What is expected: In the listing below, find the line with "ทาง One Connection" and the line with "#OneConnection". Repeat those two lines and all lines between them exactly.

Records shown:
=== Begin Enclosure ===

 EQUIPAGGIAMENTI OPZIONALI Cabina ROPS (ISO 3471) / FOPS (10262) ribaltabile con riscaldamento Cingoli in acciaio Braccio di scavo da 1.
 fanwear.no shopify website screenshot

=== End Enclosure ===
=== Begin Enclosure ===

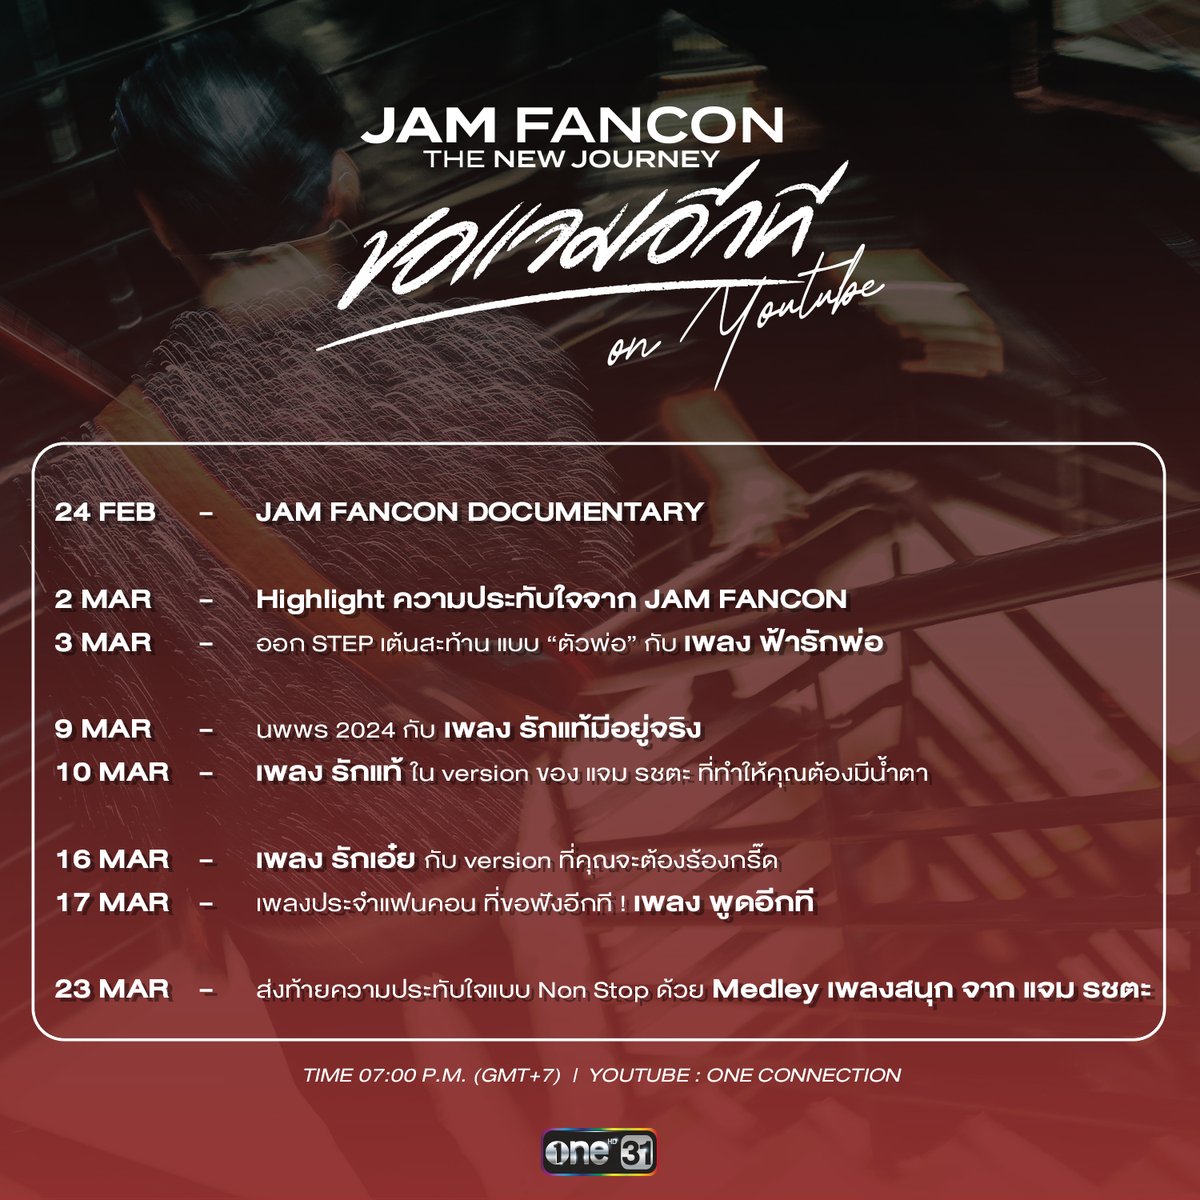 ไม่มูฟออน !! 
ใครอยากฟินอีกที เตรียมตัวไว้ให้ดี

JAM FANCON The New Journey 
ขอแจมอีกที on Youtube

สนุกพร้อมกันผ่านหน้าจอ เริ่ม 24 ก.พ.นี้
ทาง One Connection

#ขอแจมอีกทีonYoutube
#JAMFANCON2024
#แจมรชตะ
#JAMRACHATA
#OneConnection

=== End Enclosure ===

Problem solution:
ทาง One Connection

#ขอแจมอีกทีonYoutube
#JAMFANCON2024
#แจมรชตะ
#JAMRACHATA
#OneConnection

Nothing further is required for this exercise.